REQUIREMENT:
Reproduce the lines of the material exactly, excluding every image.

--- DATA SECTION ---

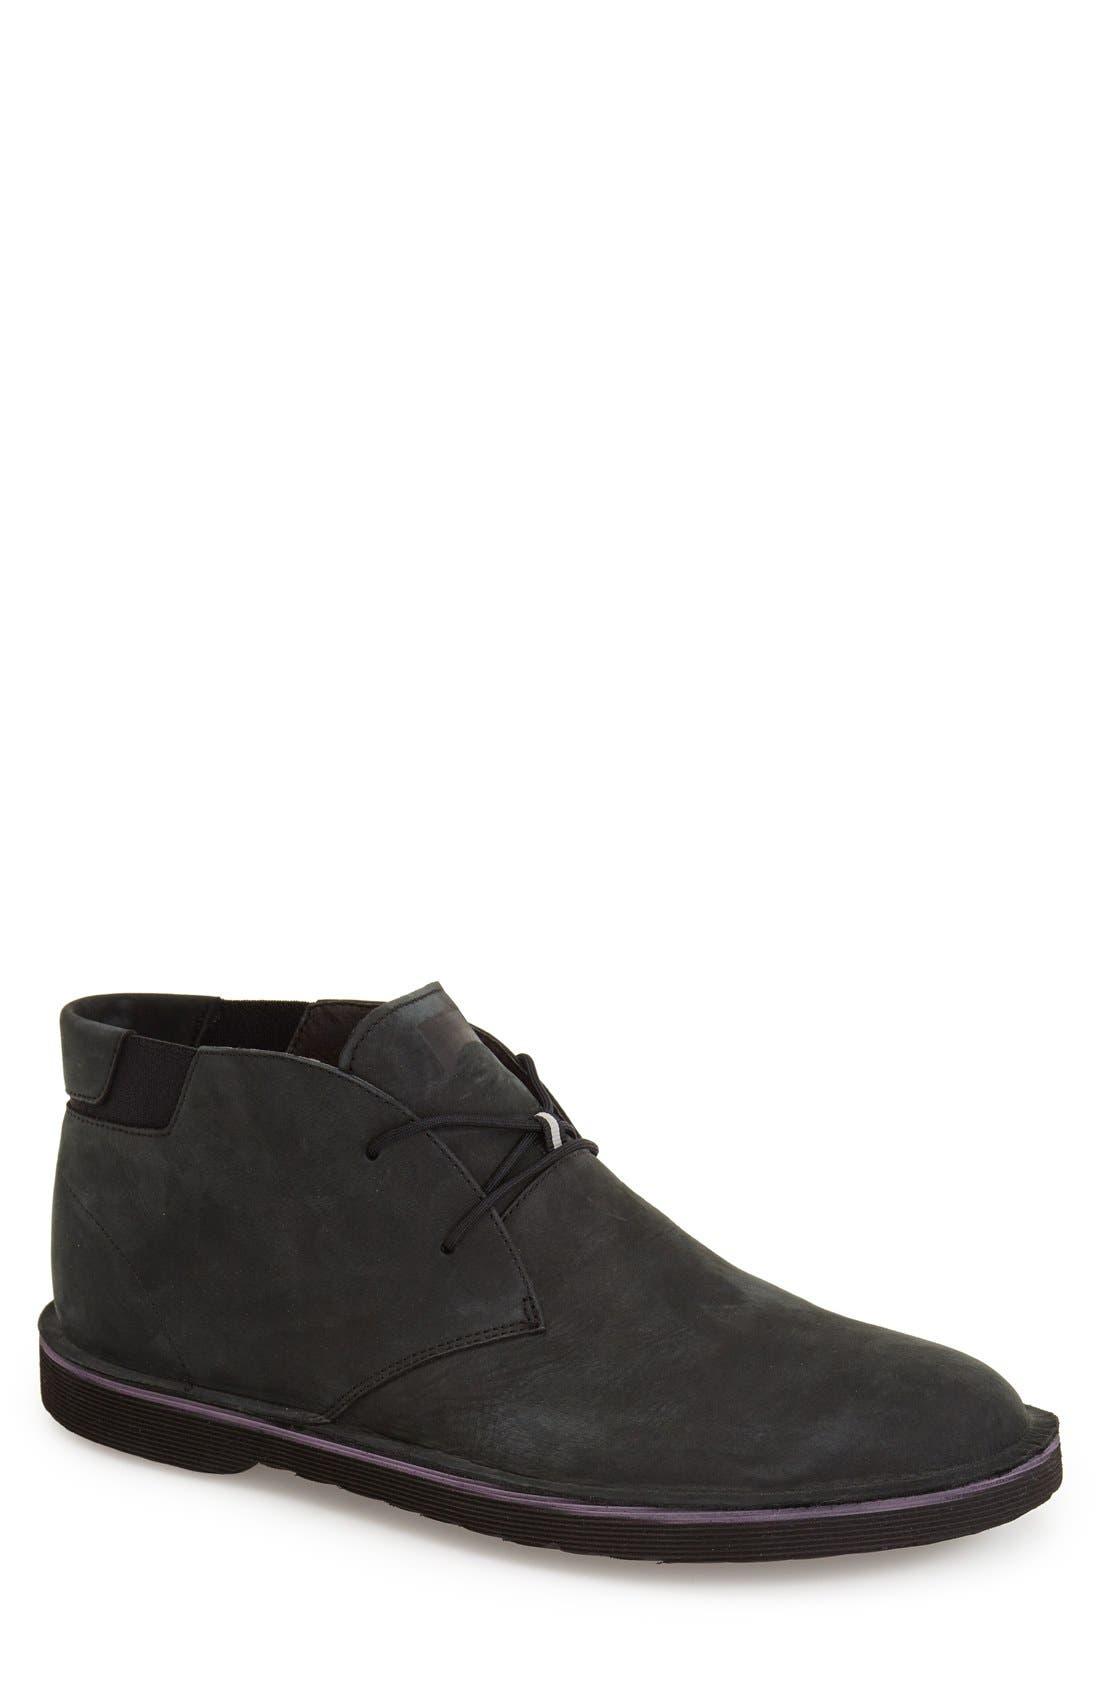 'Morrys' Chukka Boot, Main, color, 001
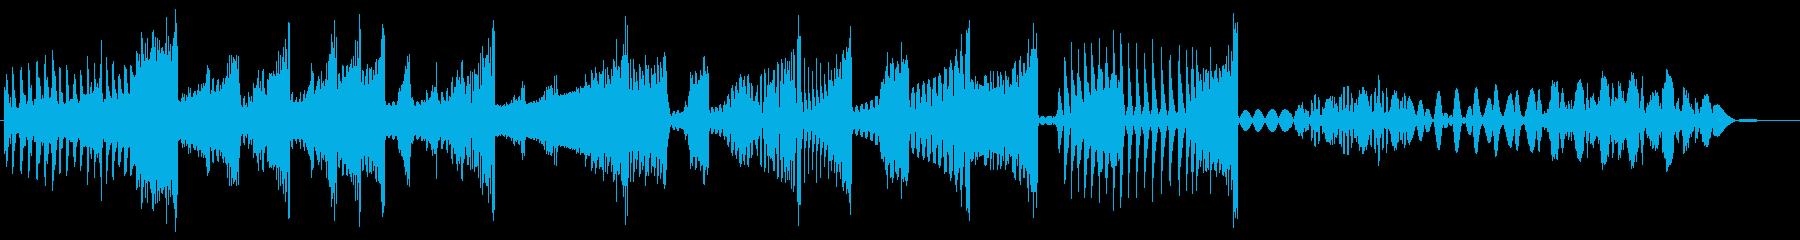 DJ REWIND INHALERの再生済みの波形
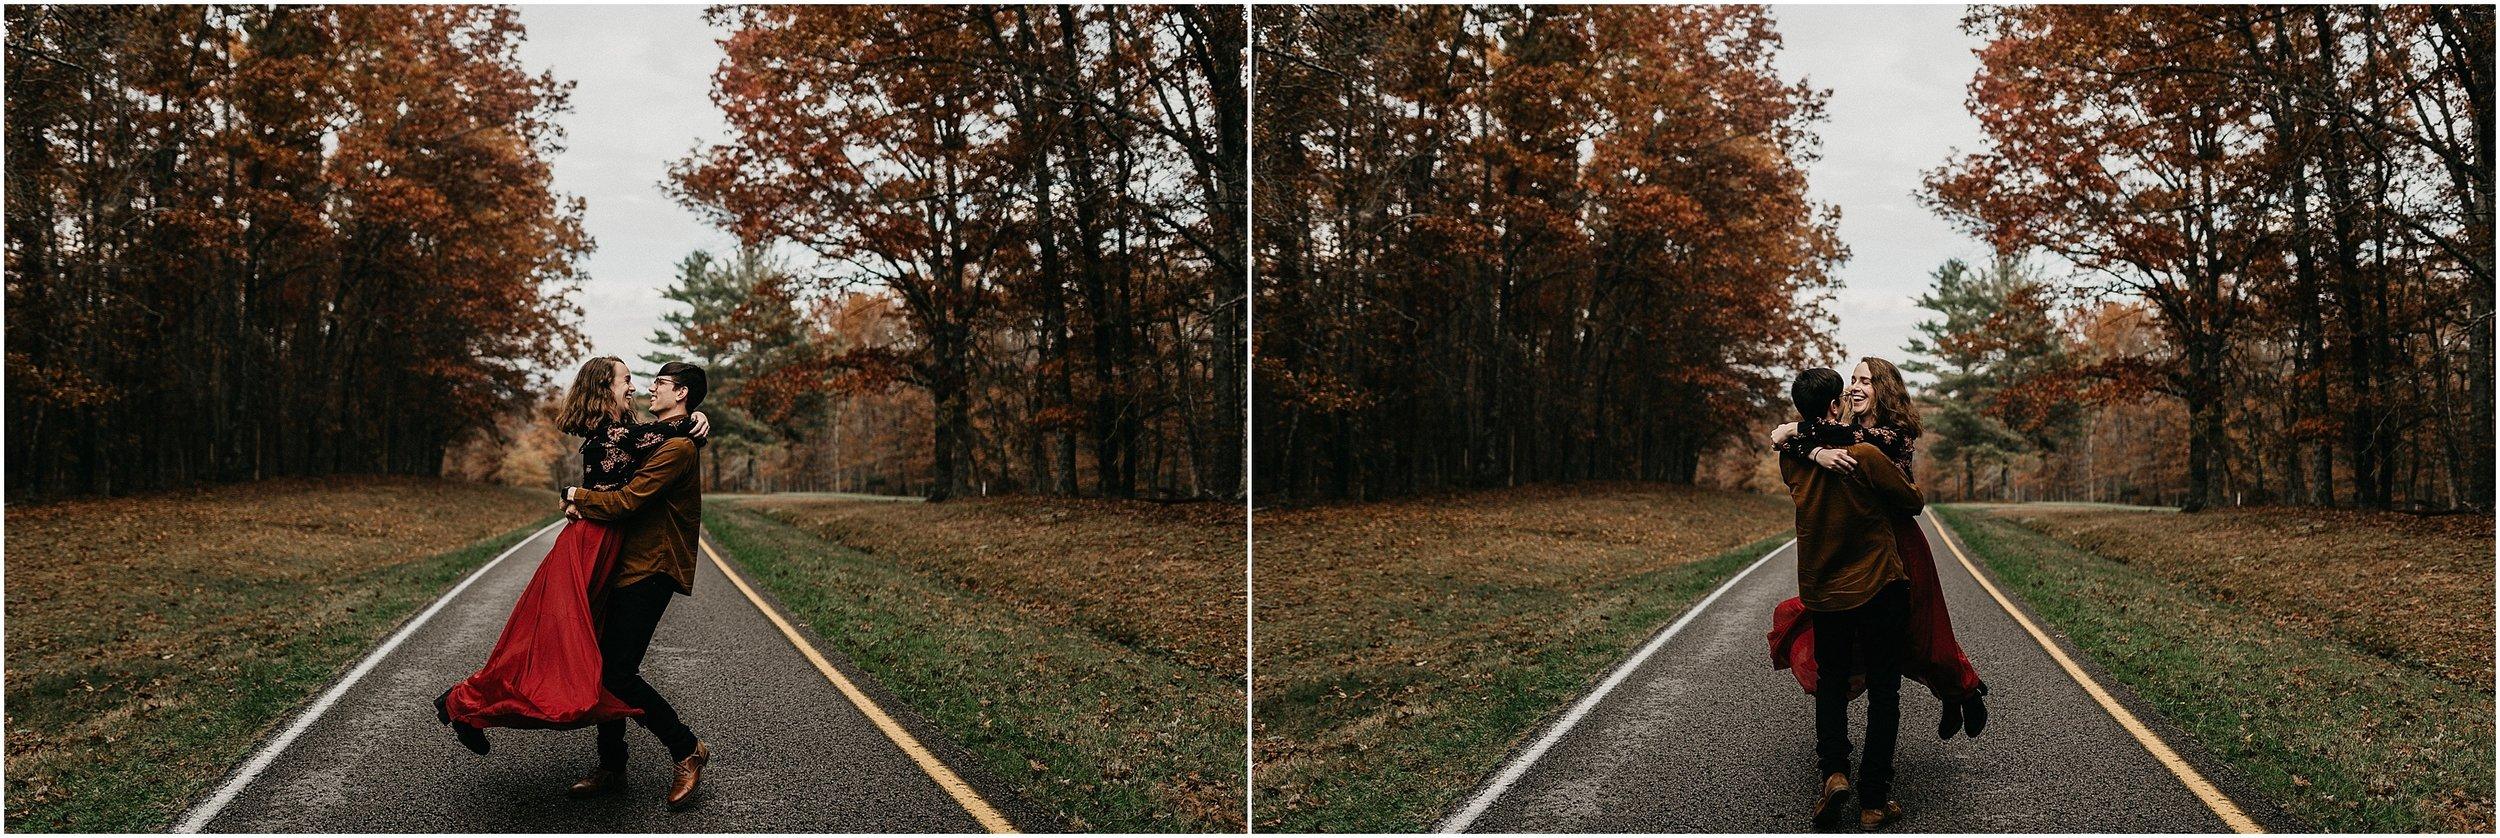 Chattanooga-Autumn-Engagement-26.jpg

---

ANSWER TO THIS PROBLEM:
 'Morrys' Chukka Boot, Main, color, 001
 DJ REWIND INHALERの再生済みの波形
 Chattanooga-Autumn-Engagement-26.jpg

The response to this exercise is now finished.